Step 4 (optional) — Access Data Programmatically
For users who want to integrate Furnilytics data into analytical workflows, dashboards, or automated pipelines, datasets can also be accessed programmatically. The two main options are the Furnilytics Python library and the underlying HTTP API.
In both cases, the workflow is the same: identify the dataset using its table ID, retrieve metadata if needed, and then request the data rows directly. Public datasets can be accessed without authentication, while Pro datasets require an API key.
Option A — Python (recommended)
The easiest way to work with Furnilytics data programmatically is through the Python library. It wraps the API and returns datasets directly as Pandas DataFrames, which makes it convenient for analysis, notebooks, ETL jobs, and dashboard backends.

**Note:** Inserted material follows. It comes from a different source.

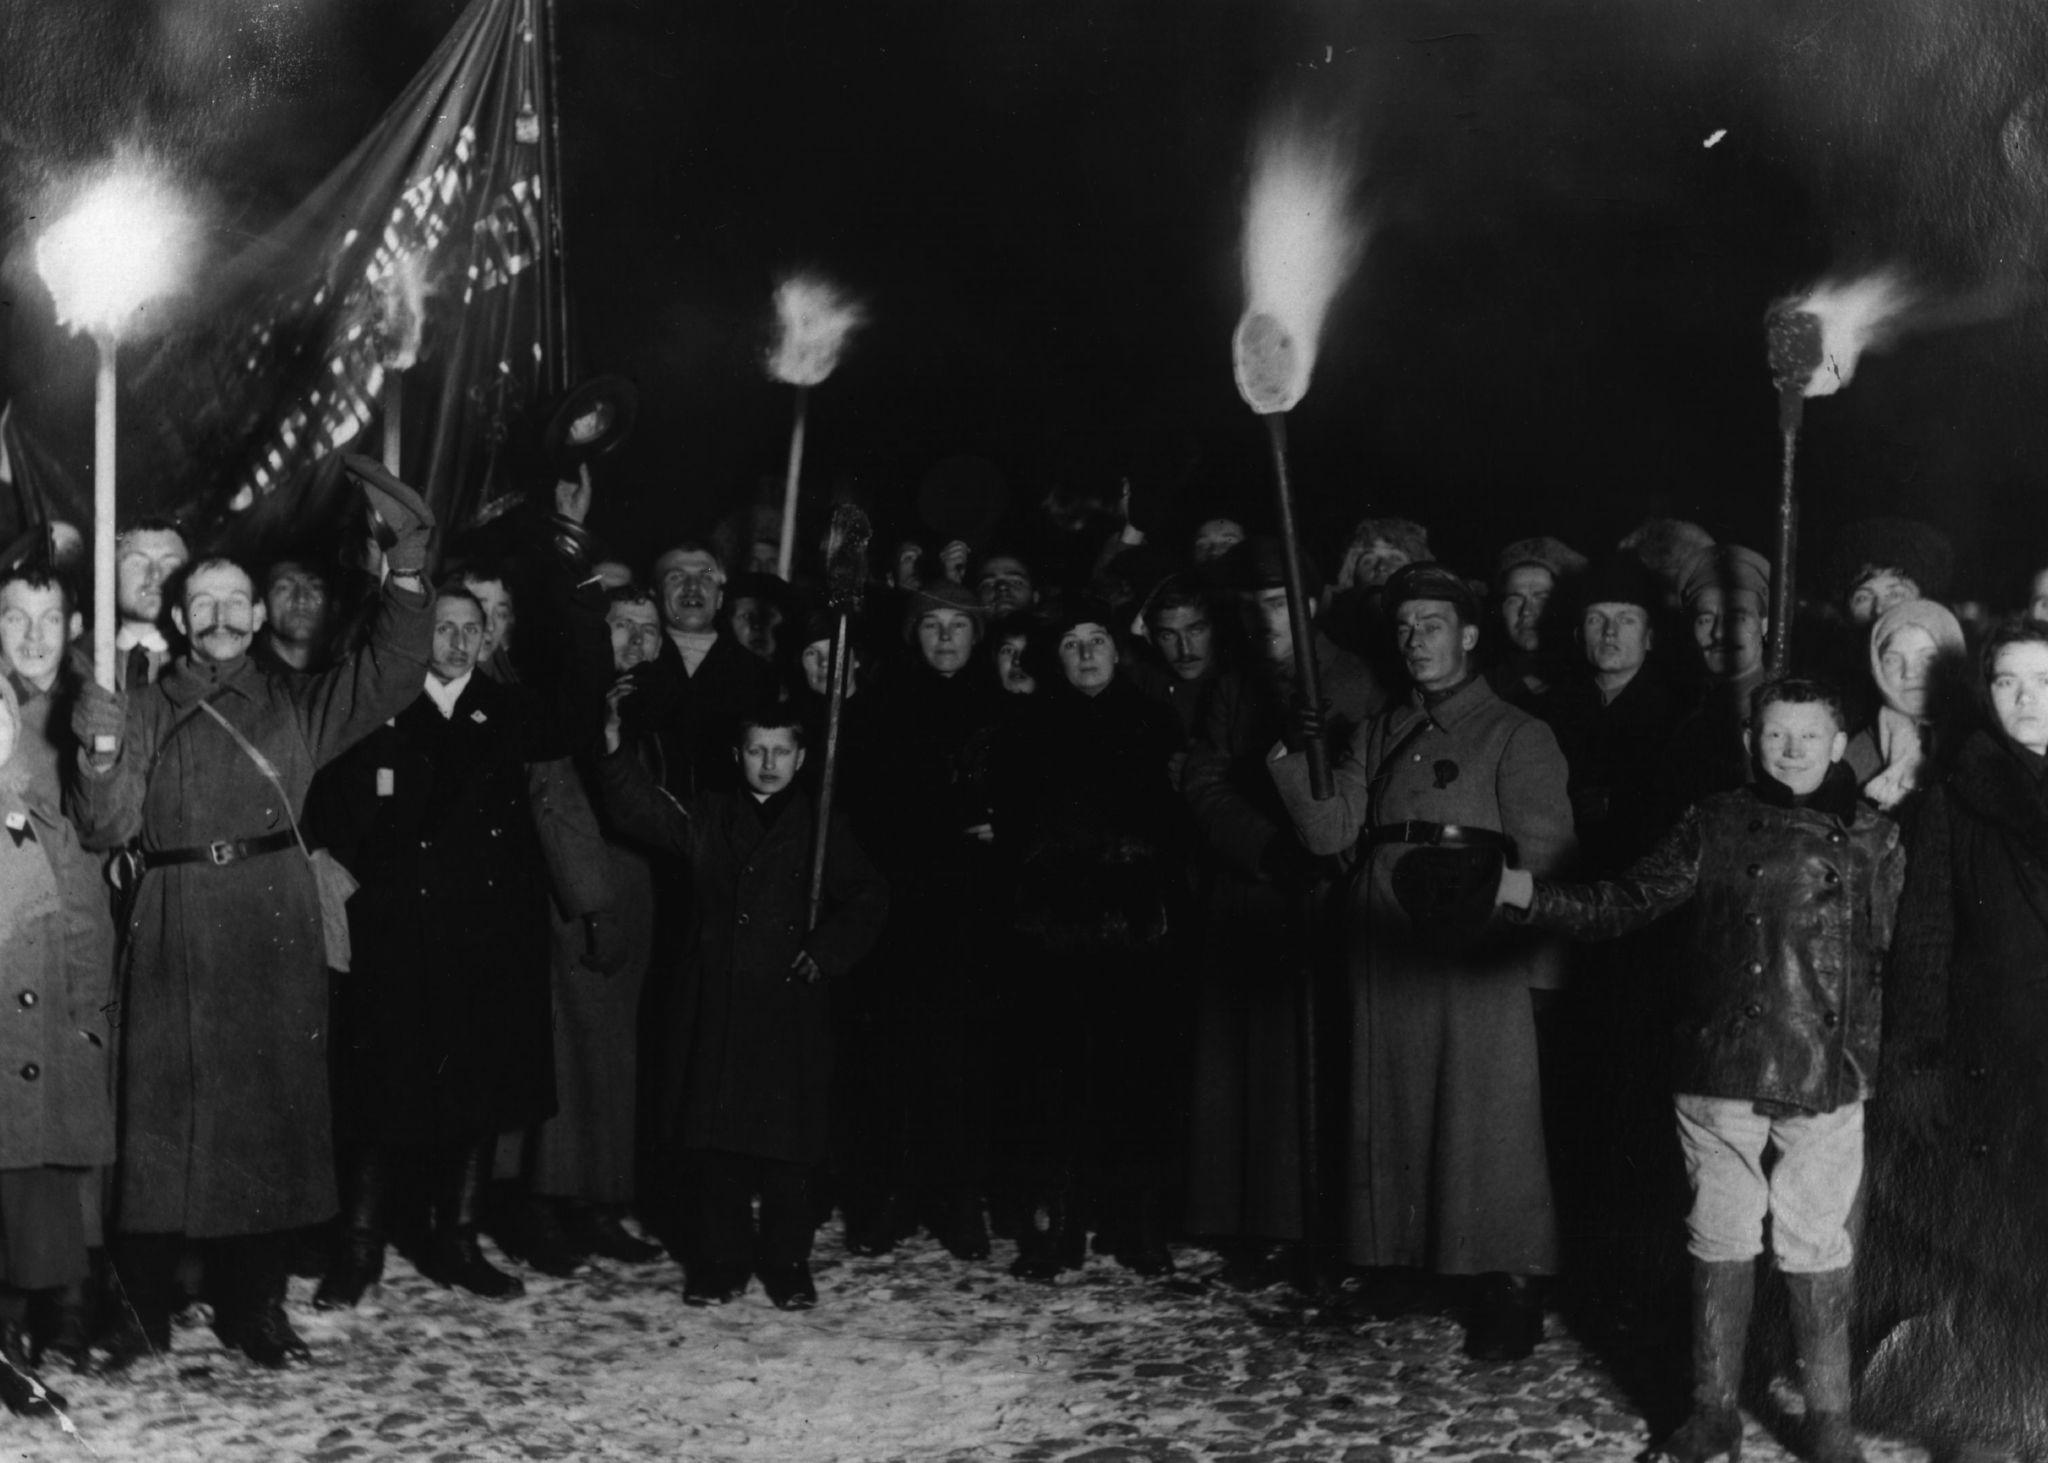 Толпа с плакатами и факелами в честь второй годовщины большевистской революции в Петрограде

The client supports the main API endpoints for dataset discovery, metadata lookup, and table retrieval. It also handles authentication and common API errors in a more structured way than raw HTTP requests.
Install the package
pip install furnilytics
Basic example
from furnilytics import Client
cli = Client()
# Fetch rows from a dataset
df = cli.data(
"other/materials/eu_pb_price",
limit=10,
geo=["PL", "DE"]
)
print(df.head())
You can also use the client to browse available datasets via /datasets, inspect table metadata via
/metadata, and request metadata for one specific table before retrieving the data itself.
If you have Pro access, you can pass your API key through the client or set it as an environment variable. Public datasets can be used without a key.

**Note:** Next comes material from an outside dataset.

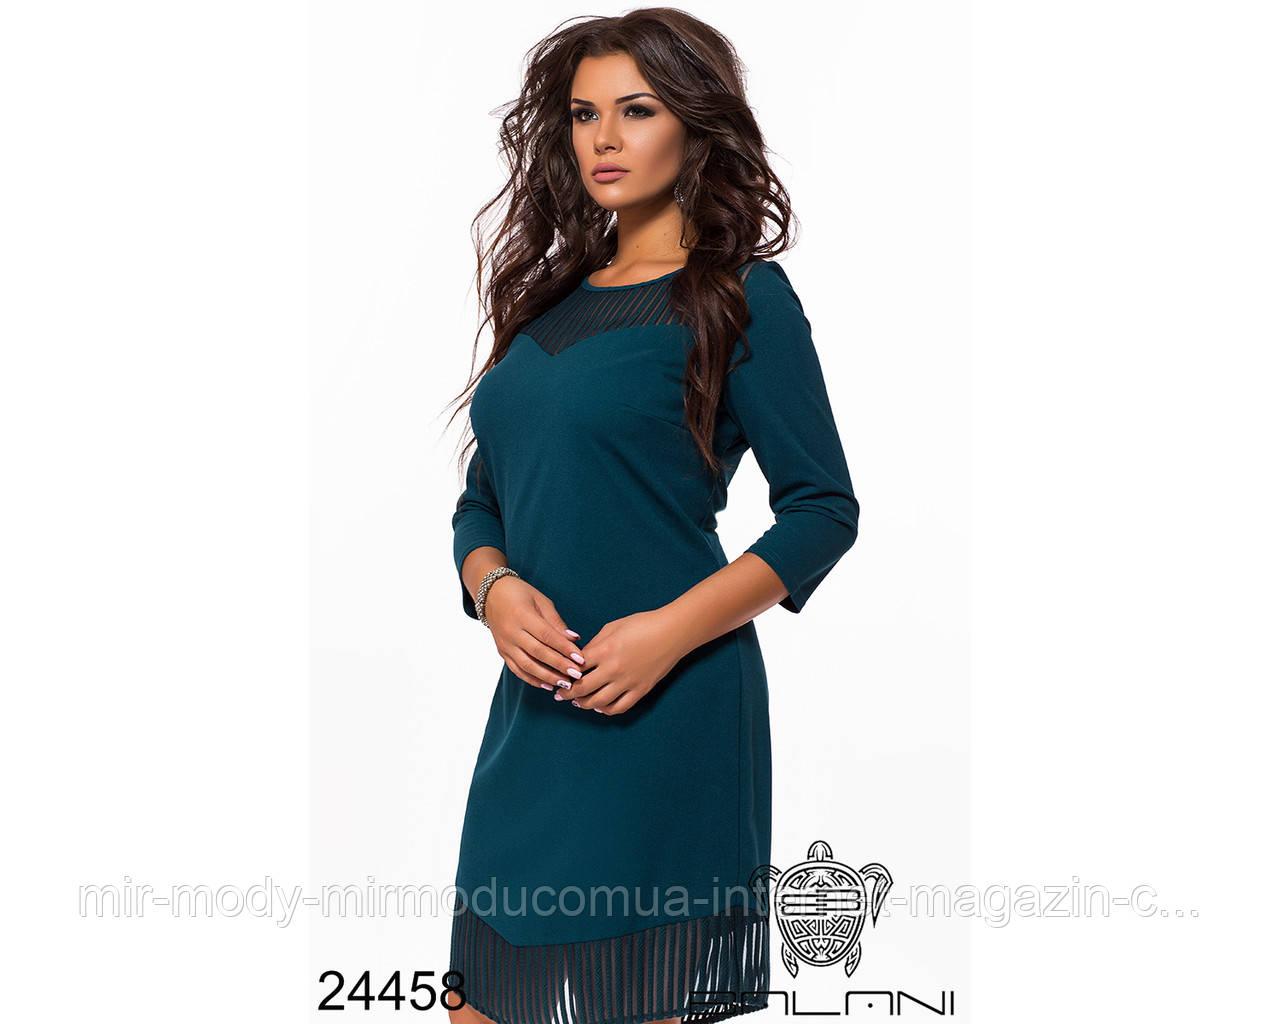 Платье - 24458 с 50 по 56  размер (бн)

See full API and Python documentation →
Option B — HTTP API
Furnilytics data can also be retrieved directly through standard HTTP requests. This is useful for Power BI, Excel Power Query, internal data pipelines, or environments where you prefer to connect to the API without using the Python client.
The main endpoints are:
/datasets— browse the dataset catalogue/metadata— inspect metadata for all datasets/metadata/{table_id}— inspect metadata for one dataset/data/{table_id}— retrieve dataset rows
Basic data request
GET /data/other/materials/eu_pb_price?geo=PL&frm=2023-01-01&limit=100
The /data/ endpoint supports a few simple query parameters:
frm— start dateto— end datelimit— maximum number of rows<column>=value— filter by dataset column, for examplegeo=PL
Text filters are case-insensitive, and multiple values can be passed as comma-separated selections,
for example geo=PL,DE.
Public datasets can be requested directly. For Pro datasets, include your API key in the
X-API-Key request header.
Example with API key
curl -H "X-API-Key: your_api_key" \
"https://api.furnilytics.com/data/other/materials/eu_pb_price?geo=PL,DE&limit=100"
This direct HTTP approach is the same foundation used by dashboard tools and other integrations. The Python client is essentially a convenience layer on top of these same endpoints.